ПРЕДИСЛОВИЕ
Несчастье сваливается на
голову тогда, когда меньше всего ожидаешь подвоха от судьбы. Удар под дых.
Сердце останавливается. Дыхание замирает. Кажется, будто планета перестает вращаться.
Кто-то всемогущий ставит жизнь, саму Вселенную на паузу.
Мгновение…
Никогда бы не подумала,
что оно может длиться вечность.
Никогда бы не
представила, что наступит день, час, когда я узнаю о вечности, затаившемся в
одном мгновении.
Мама твердила, что
любовь — это болезнь. Чуть ли не грехом считала это чувство, хотя сама когда-то
была «больна» моим отцом. Он предал ее и бросил нас, не удивительно, что она
разочаровалась в мужском роде, и с ранних лет мне беспрестанно твердила, что я
непременно прочувствую подобное на себе.
Мама не верила в Архипа,
моего мужа. Фыркала моему счастью в лицо, приговаривая: «Обманет, бросит,
уйдет…». Здравый ум чудом не покинул меня после стольких ее попыток «вразумить»,
и я оставалась верна своему выбору.
— Попомни мои слова, дочка. Они все
одинаковы, — сказала она с печалью и сочувствием, после чего я захлопнула
перед ее носом дверь своего нового дома. Нашего с Архипом дома.
Я прекратила общение с
матерью. «Переболела» своей привязанностью к ней. Научилась жизни без маминого
слова, совета, присутствия, и растворилась в жизни с любимым мужчиной.
Поглощенная созданием и укреплением собственной семьи, и вовсе утратила связь с
мамой. Без ее токсичности дышалось легче, но тяжесть на груди никуда не
исчезала. Чувство вины неистребимым грузом я тащила из года в год на своих
плечах, сотни и тысячи раз ловя себя на мысли, что нам необходимо помириться.
Однако гордость мешала сделать первый шаг.
Как она могла быть
против Архипа? Против нас? Когда мы так сильно друг друга полюбили! Я злилась.

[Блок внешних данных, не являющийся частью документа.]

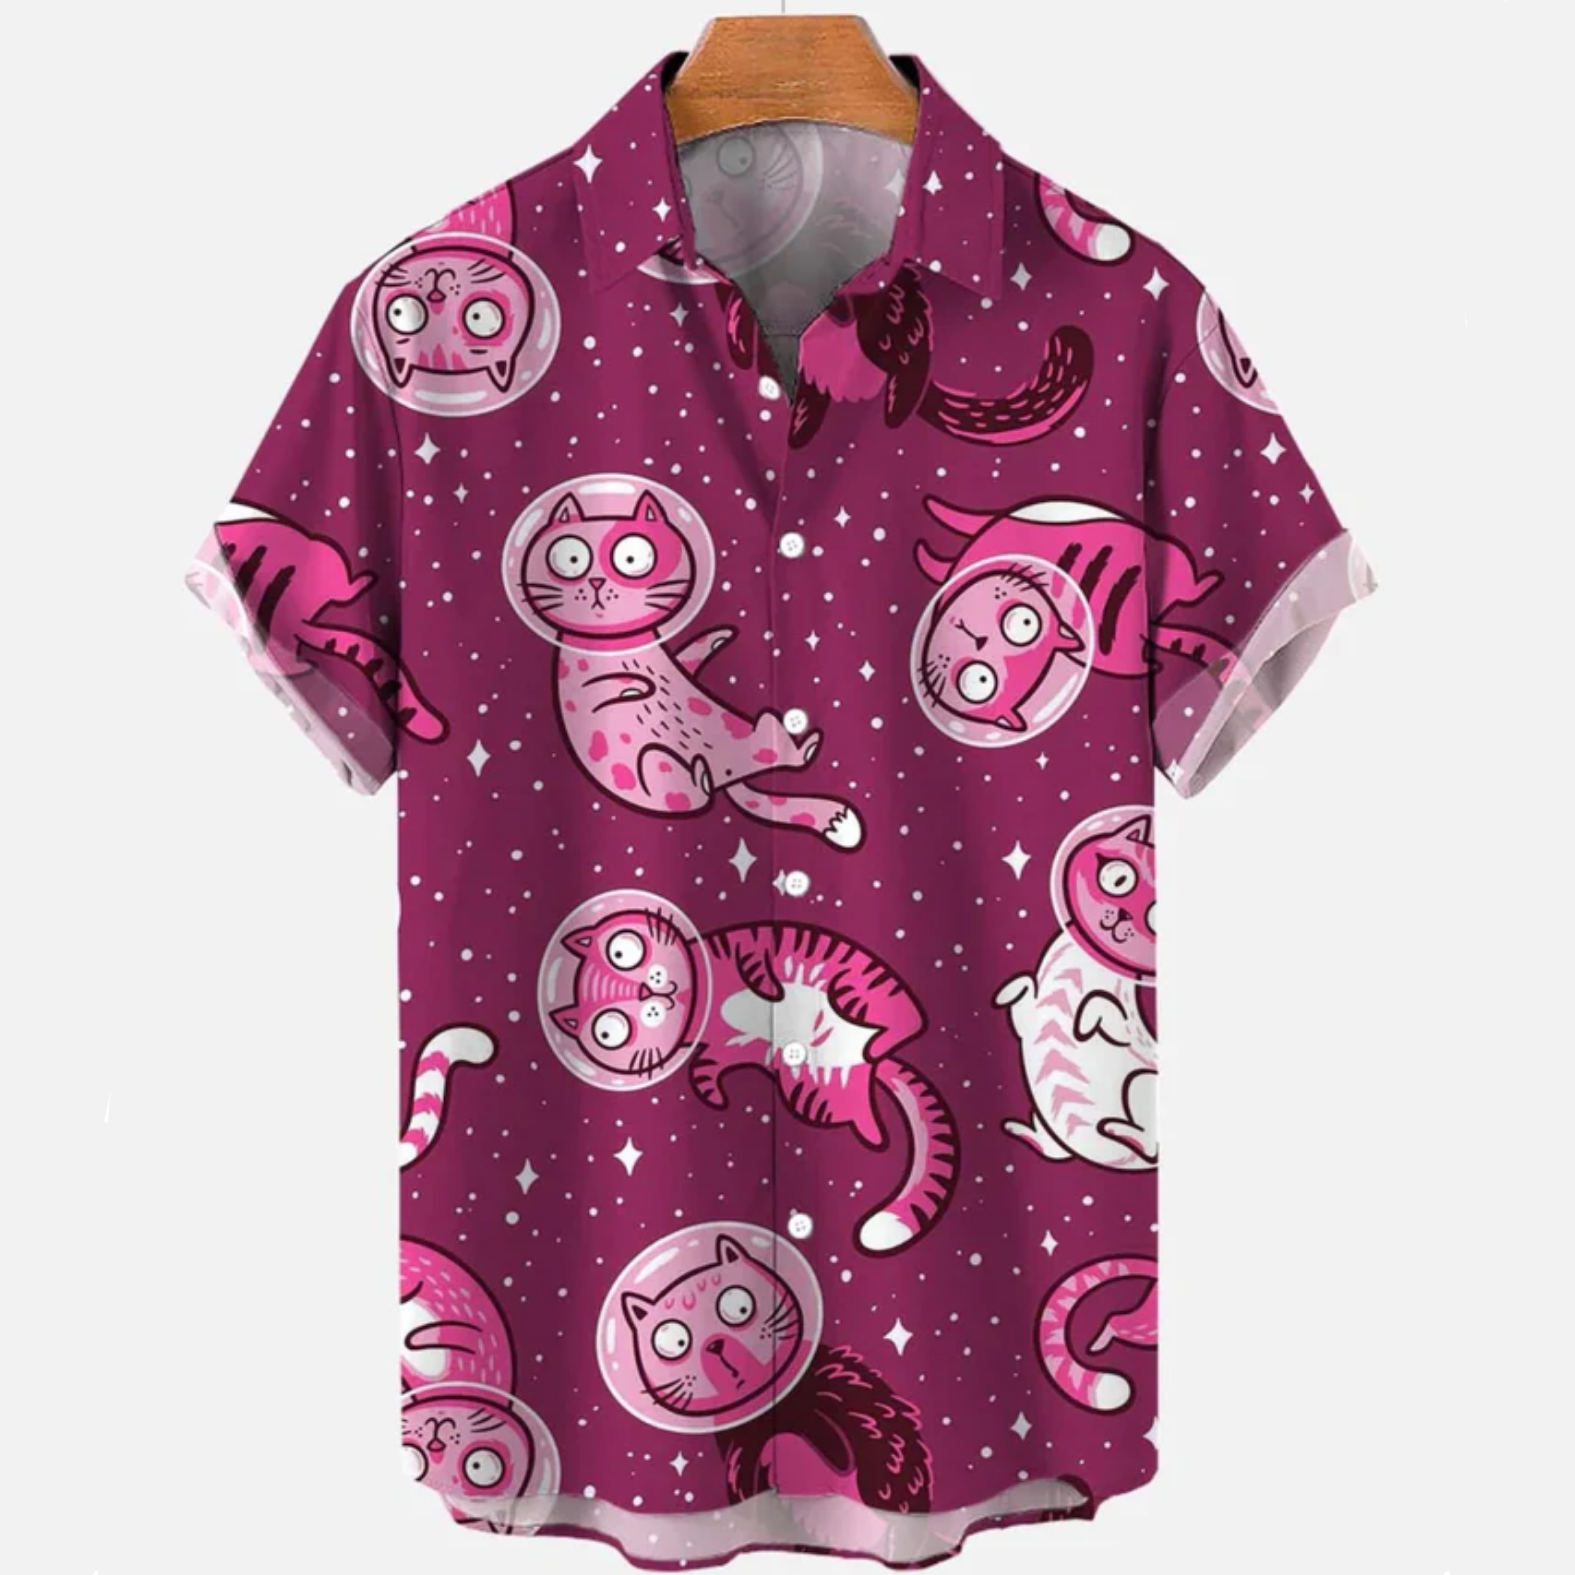 AstroKitty Shirt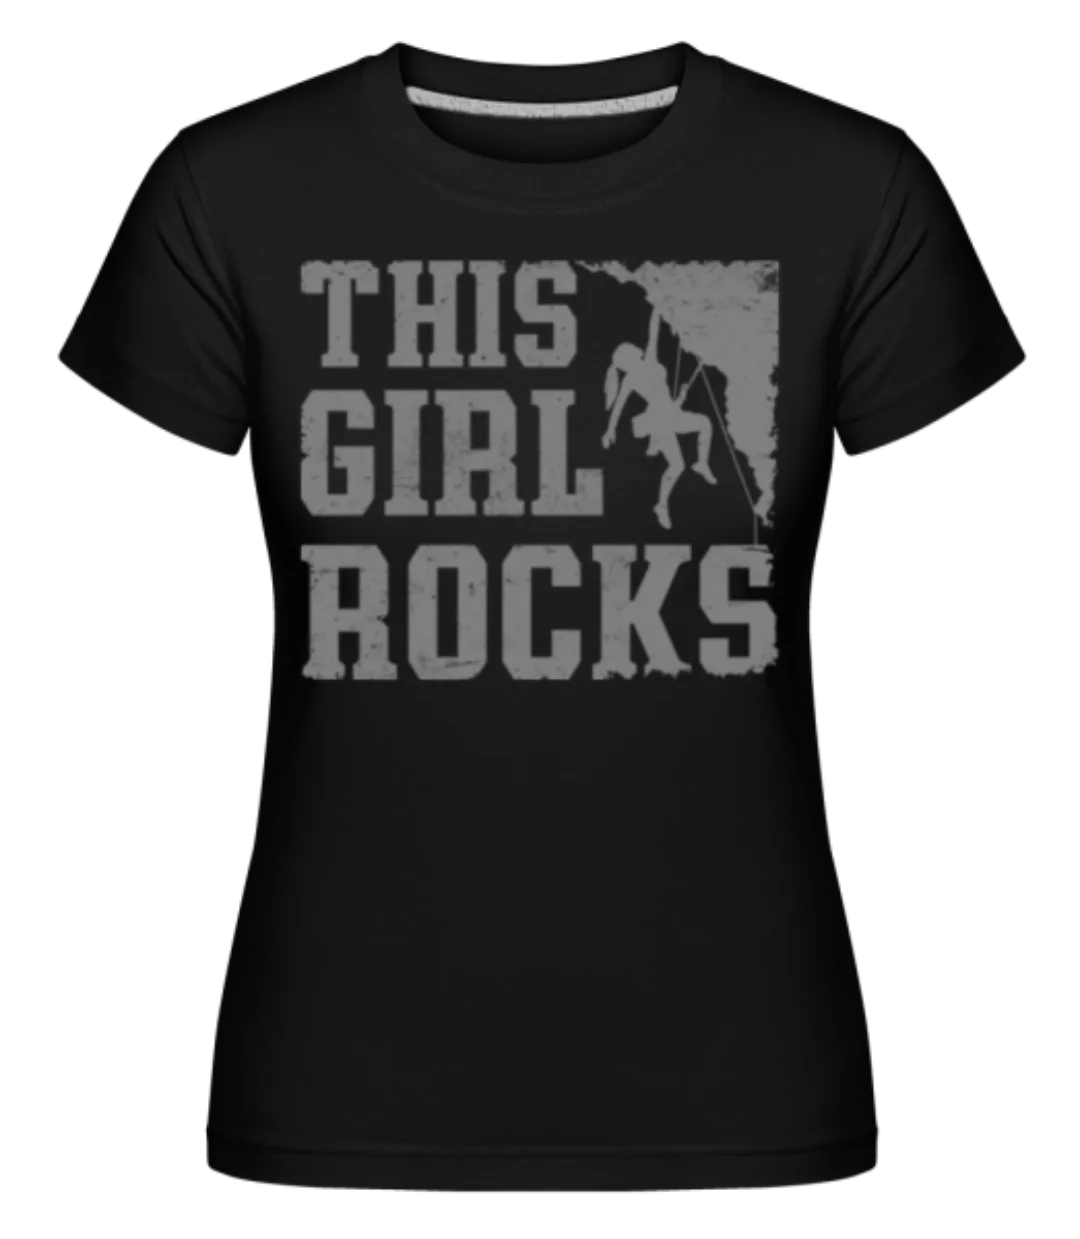 This Girl Rocks · Shirtinator Frauen T-Shirt günstig online kaufen

Я обижалась. Во время беременности Толенькой все же позвонила маме, предложила
мир. А она, узнав, что у нас с Архипом родится мальчик, сказала, что ничем не
может помочь, ведь он «женское проклятие».
Я поклялась себе, что не
буду такой матерью. Я буду справедливой, честной, понимающей. Я буду
прислушиваться к своему ребенку, я буду для него поддержкой и опорой.
Я не сильно горевала,
когда мама умерла. После месяцев затишья в глубине души я ее давно простила, но
цеплялась за старые обиды, боясь подпустить боль утраты слишком близко к
сердцу. Боялась утонуть, потеряться в скорби и начать самоедство за то, что не наступила
на горло собственному эго, пока еще была возможность наладить мосты. Другой
частью себя оправдывалась за бездействие, ведь такие люди, как моя мать, не
меняются. Непримиримы до последнего удара сердца.
Ужасно осознать спустя два
года счастливого брака, что моя токсичная мать была права.
ГЛАВА
ПЕРВАЯ
Когда мне
требовалось загрузить голову, я включала турецкие сериалы. Казалось бы, какая
здесь разгрузка? С такими-то страстями, бурлящими на берегах Босфора, и
коварными семейными интригами, что страшнее ада Данте. Шекспир, подвинься. Но
я, как и миллионы женщин по всему миру, ничего не могла поделать с этой тягой.
Под серию-другую
навести порядок в доме, сварить борщик или понежиться в ванне с пенкой,
расслабляясь после тяжелого дня (а вы думали, у матерей в декрете что ни день,
то сказка?). Чистое удовольствие. Муж моей любви к турецким сериалам не
разделял, но умилялся, как я порой залипала, выпадая из реальности, и бурно
реагировала на поступки героев. Надолго отвлекаться не получалось.
Полуторагодовалый сынишка и дела по дому держали меня в узде.
— Так-с. Муку
просеяли, масло с сахаром и желтками взбили, смесь в муку добавили, тесто
замесили. Что дальше? — я сдула с лица прядку и листнула книгу дальше. — Делим
тесто на две части, раскатываем, укладываем на дно выпечки… — прочла дальнейшие
шаги приготовления фирменного лимонного пирога рыжеволосой отчаянной
домохозяйки Бри Ван де Камп. — Сынок, все запомнил? — отложила телефон, который
держала… испачканными в муке руками, и подмигнула Толеньке.